カパーは幻獣の背から下ろされた、近くのテントに入り手招きをする。
子どもは呼ばれるままについていく。メルキュールはテントには入らず一礼して去っていった。
「呼び名とは、自分が相手をどのような存在として捉えているのかを表すものです。
例えばワタクシ。商隊の皆さんはほとんどの方がワタクシを『隊長』と呼びます。それは、ワタクシを『隊を束ねる者』と認識している証です。
親しい者は『カパー』とファーストネームで呼ぶこともありますがこれは、ワタクシ個人を1人の人間として認識している証です。
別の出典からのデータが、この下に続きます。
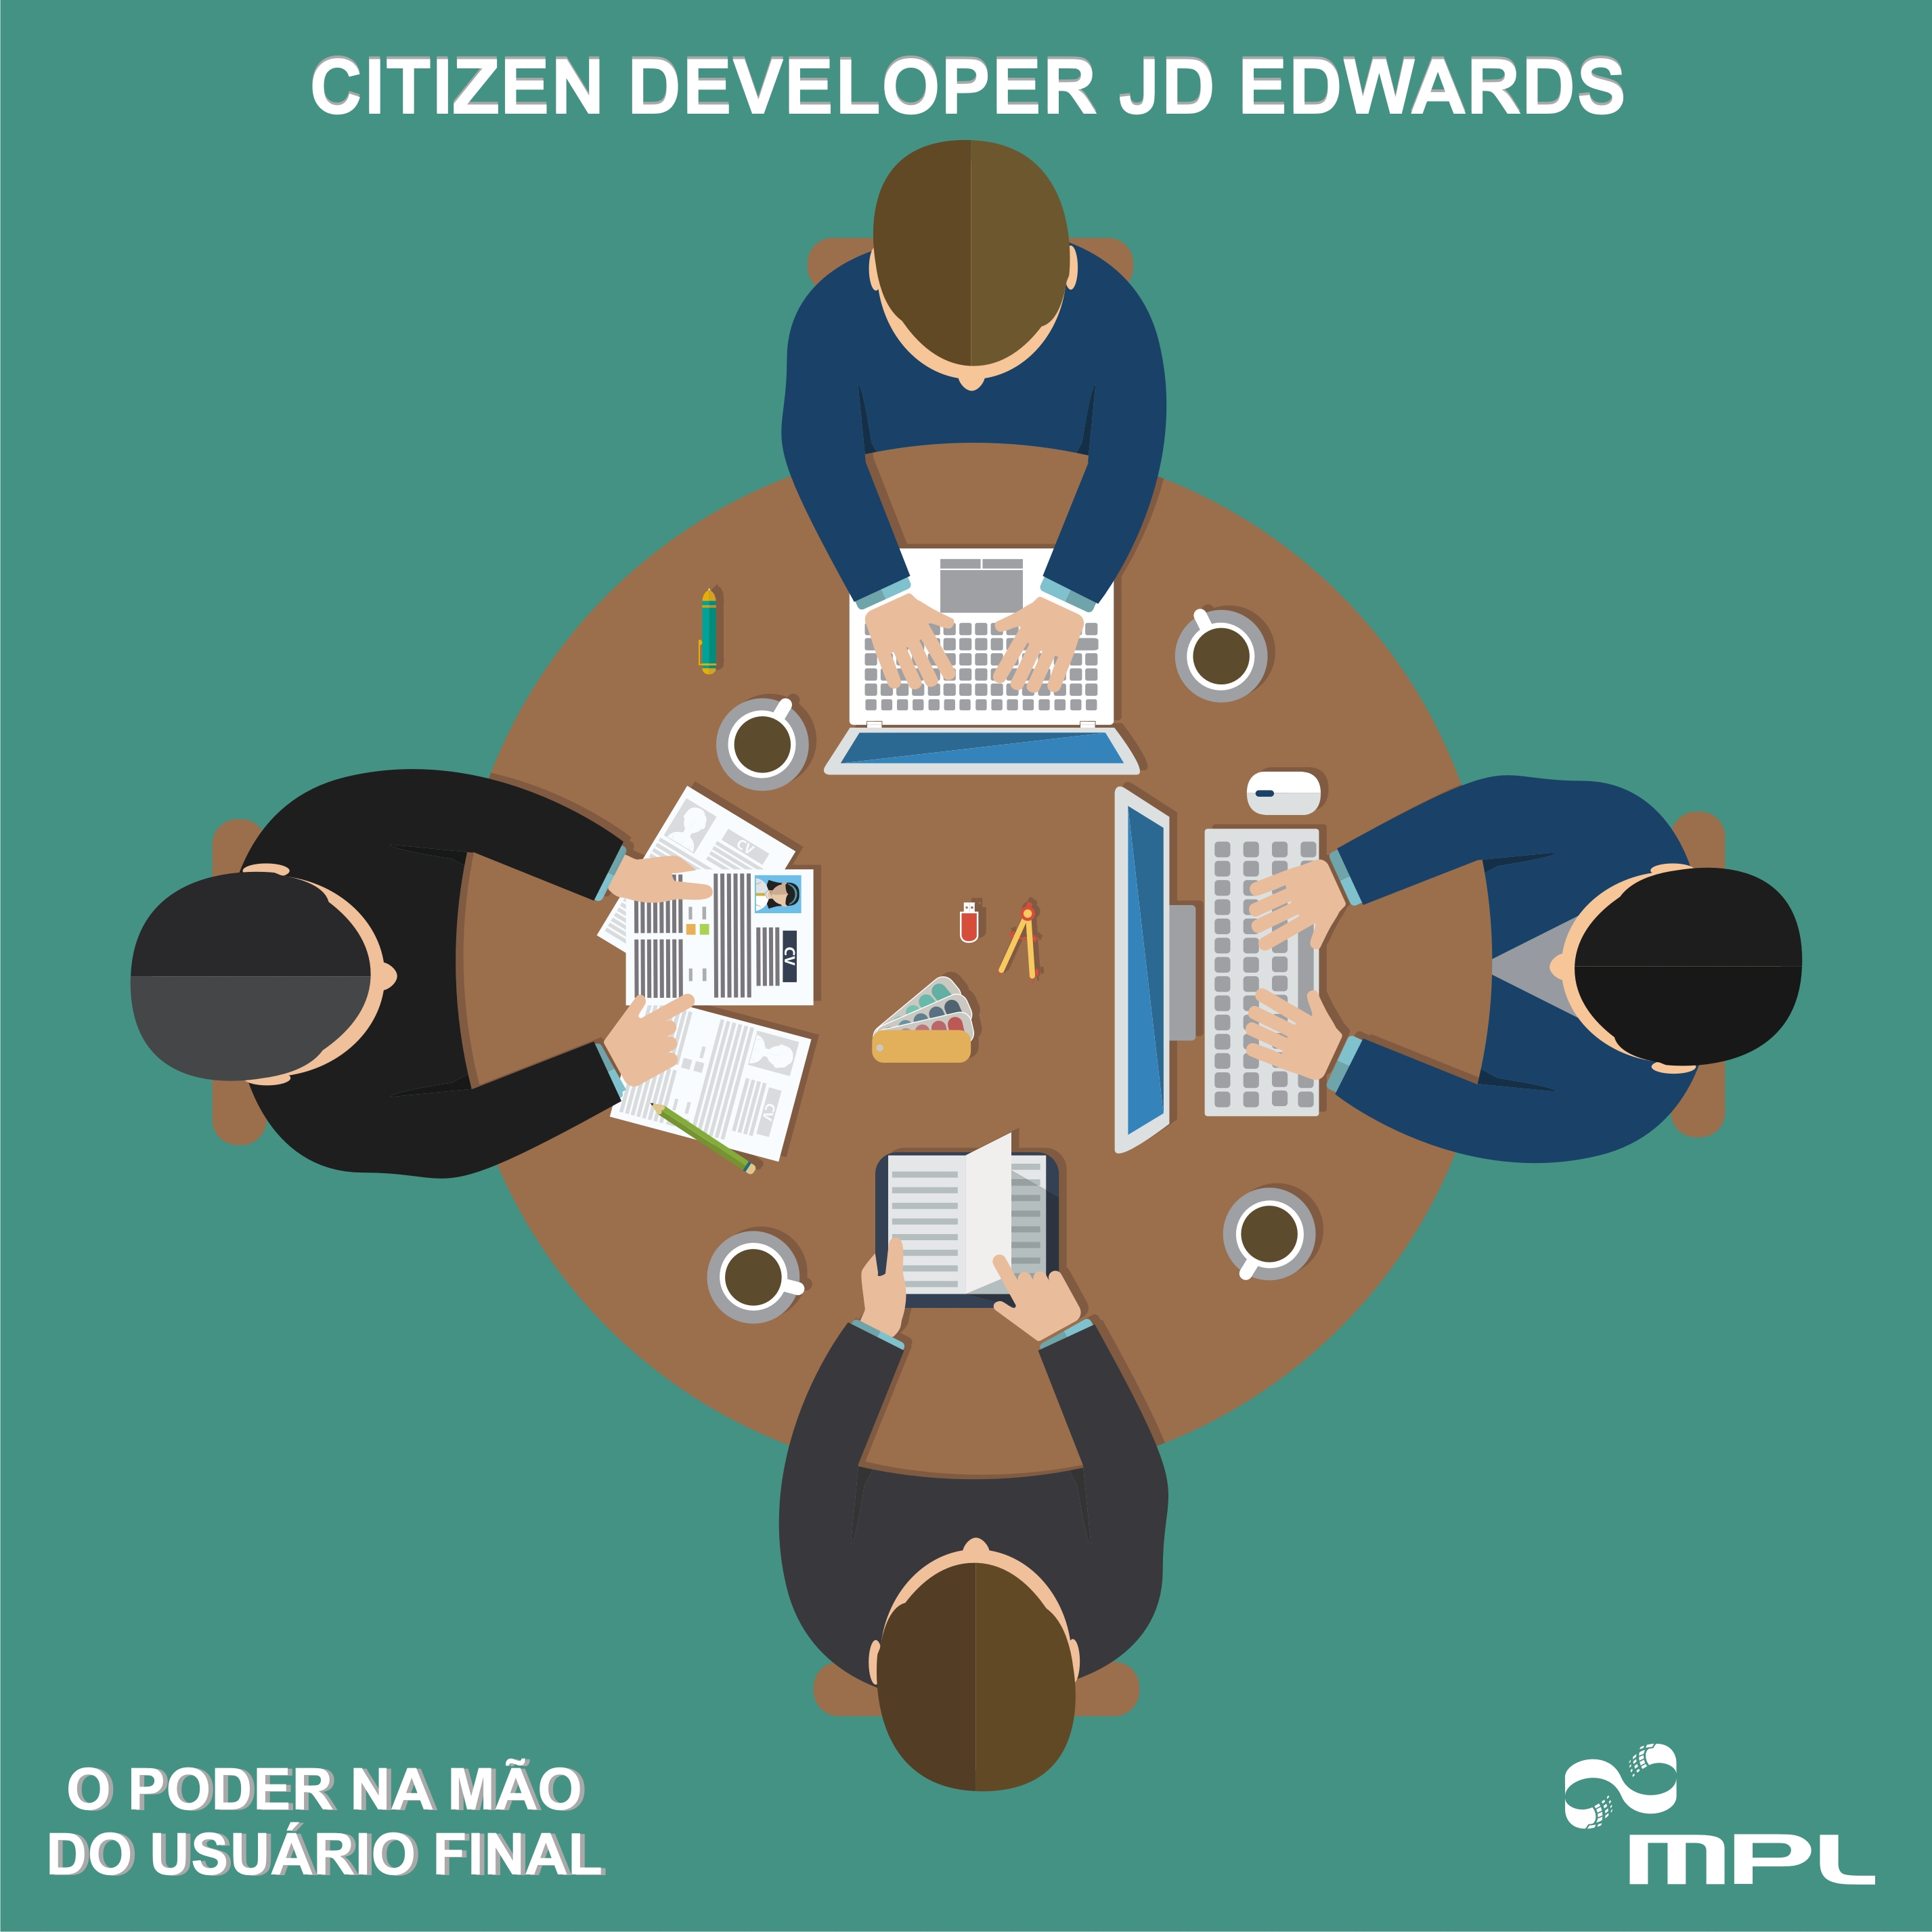 Citizen Developer JD Edwards

自分と相手との決めごとですから呼び名は何でもよいのですよ。大切なのはそこに込められた意味なのですから。」
カパーはにっこりと笑って外套を取った。
「っ!?」
外套の下はまるでモンスターのような姿をしていた。
鋭く伸びた爪。首もとや腕は所々鱗のようなもので覆われていた。服で隠れて見えないが恐らく足や背中なんかもそうだろう。大きな口は蛇やトカゲを連想させた。
「『名前』は個人を特定します。つまり、『名前』を呼ぶというのは、貴方でなくてはダメなのだという意思表示です。
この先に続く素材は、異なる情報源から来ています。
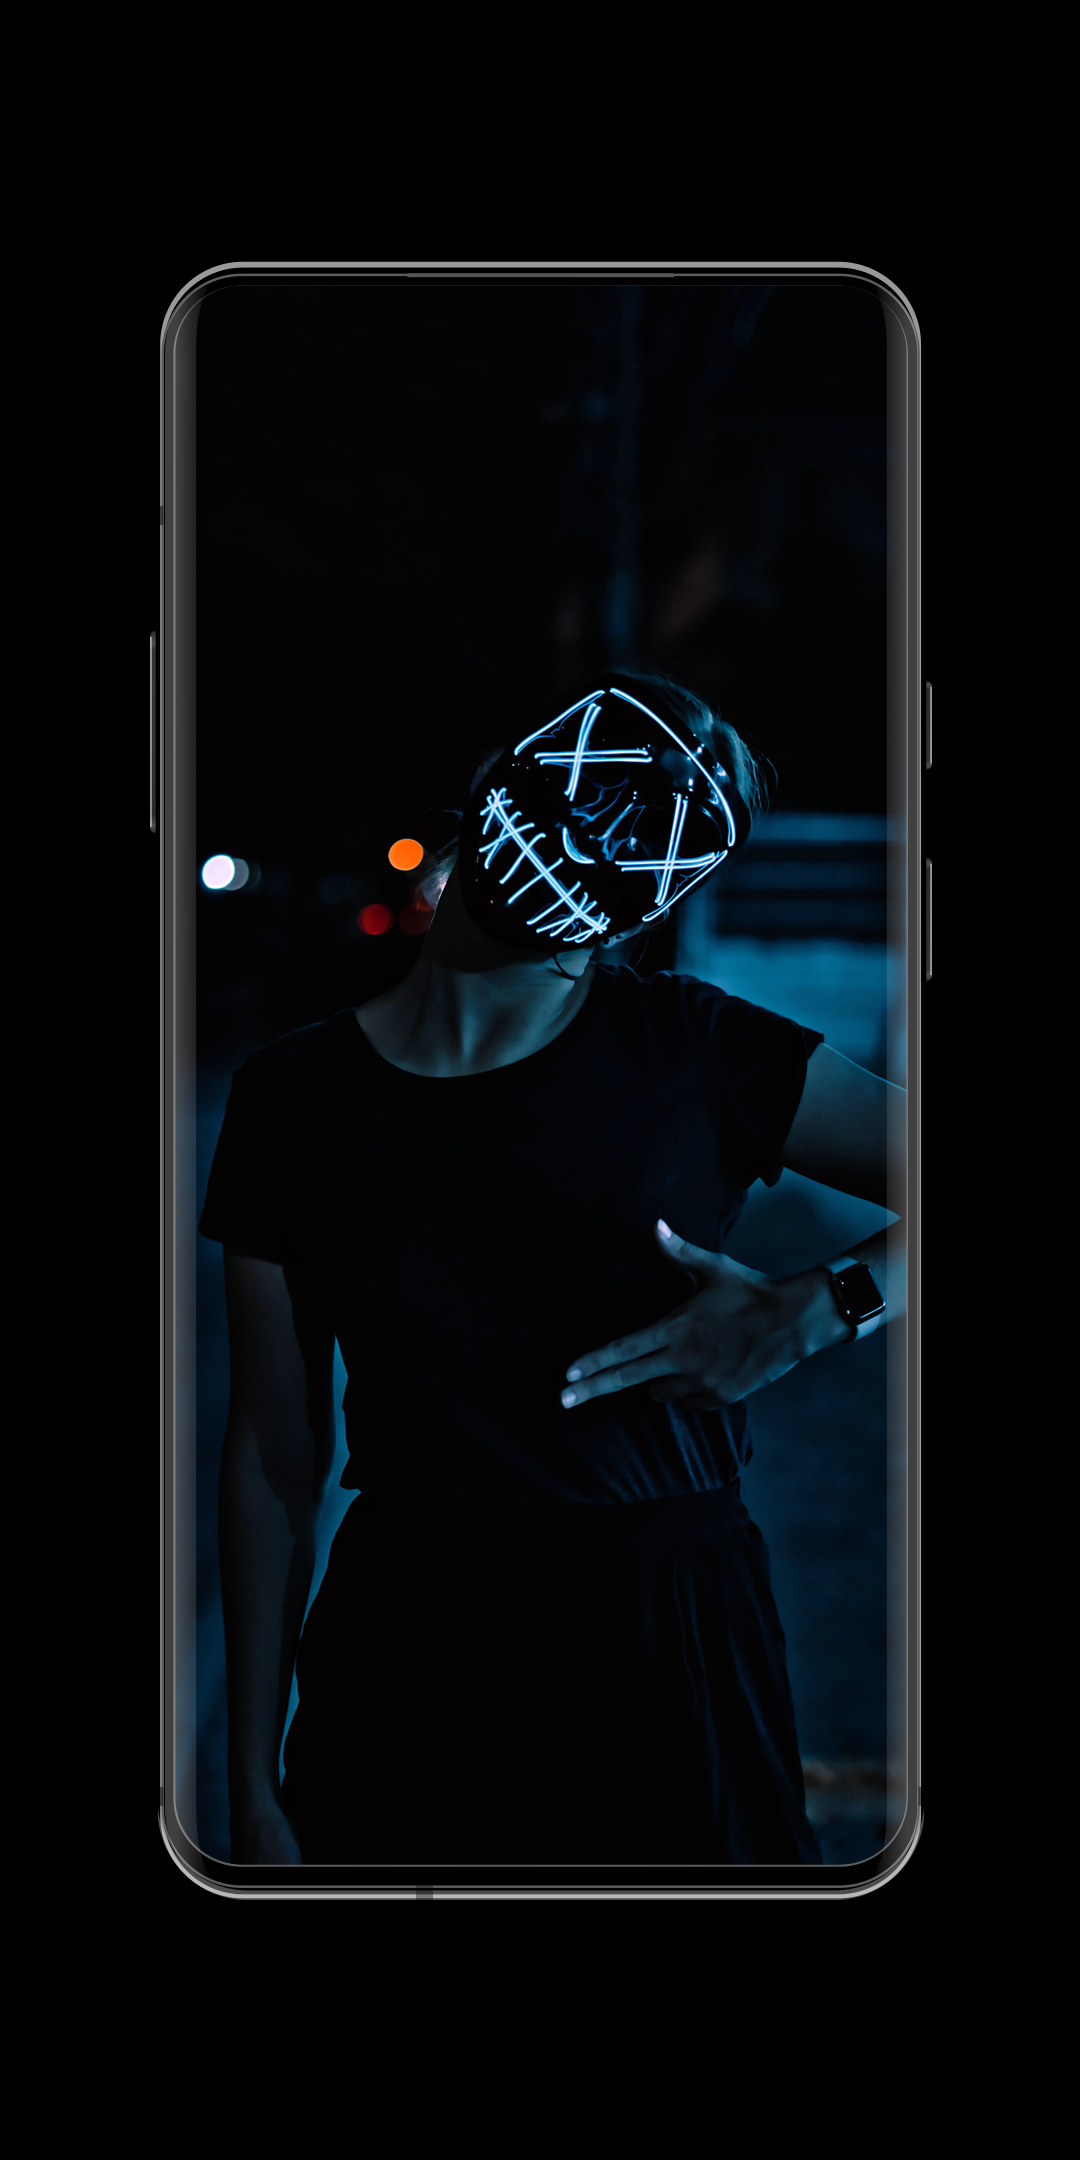 Tentang wallpaper 4k dark android Terkini - Cyberpunkwall

他の誰でもなく、貴方に気付いて欲しい。振り向いて欲しい。貴方に伝えたいというメッセージです。」
故にとても強い呪になることもあるのですよ。とカパーは優しく言った。
にっこりと笑うと赤い耳飾りと、長く伸ばした深紅の前髪が揺れる。
髪は後ろで緩く一本の三つ編みにまとめていた。
「そして強い言葉であるからこそ、遠くまで届きます。どれだけ遠くまで届くのかは貴方と相手との間で結ばれた契約の強さによりますが……」
「契約?」
「私は、貴方を、こう呼びますよ。こういう存在だととらえますよという約束事です。
片方だけが呼び名を決めていても、もう片方が認識できなければ機能しません。
お互いの同意をもって初めて成立するもの。それが契約です。
契約の強さは認識の強さ……分かりやすく言うならば……そうですね、絆の強さといったところでしょうか。」
カパーは何かごそごそとカゴを漁ると1枚の紙を取り出した。
「さて、貴方ならワタクシになんと名前をつけてくださるのでしょうね。いっそ化け物とでも呼んでみますか?」
にっこりと満面の笑顔でカパーは問うた。顔は笑っているが声からは何の感情も読み取れなかった。
「呼ばないよ。カパーさん。」
「そうですか。貴方は、この姿を見ても……隊長ではなく、カパーさんと呼ぶのですね」
カパーは微かに目を伏せる。纏う空気が少しだけ、ほんの少しだけ……柔らかくなったような気がした。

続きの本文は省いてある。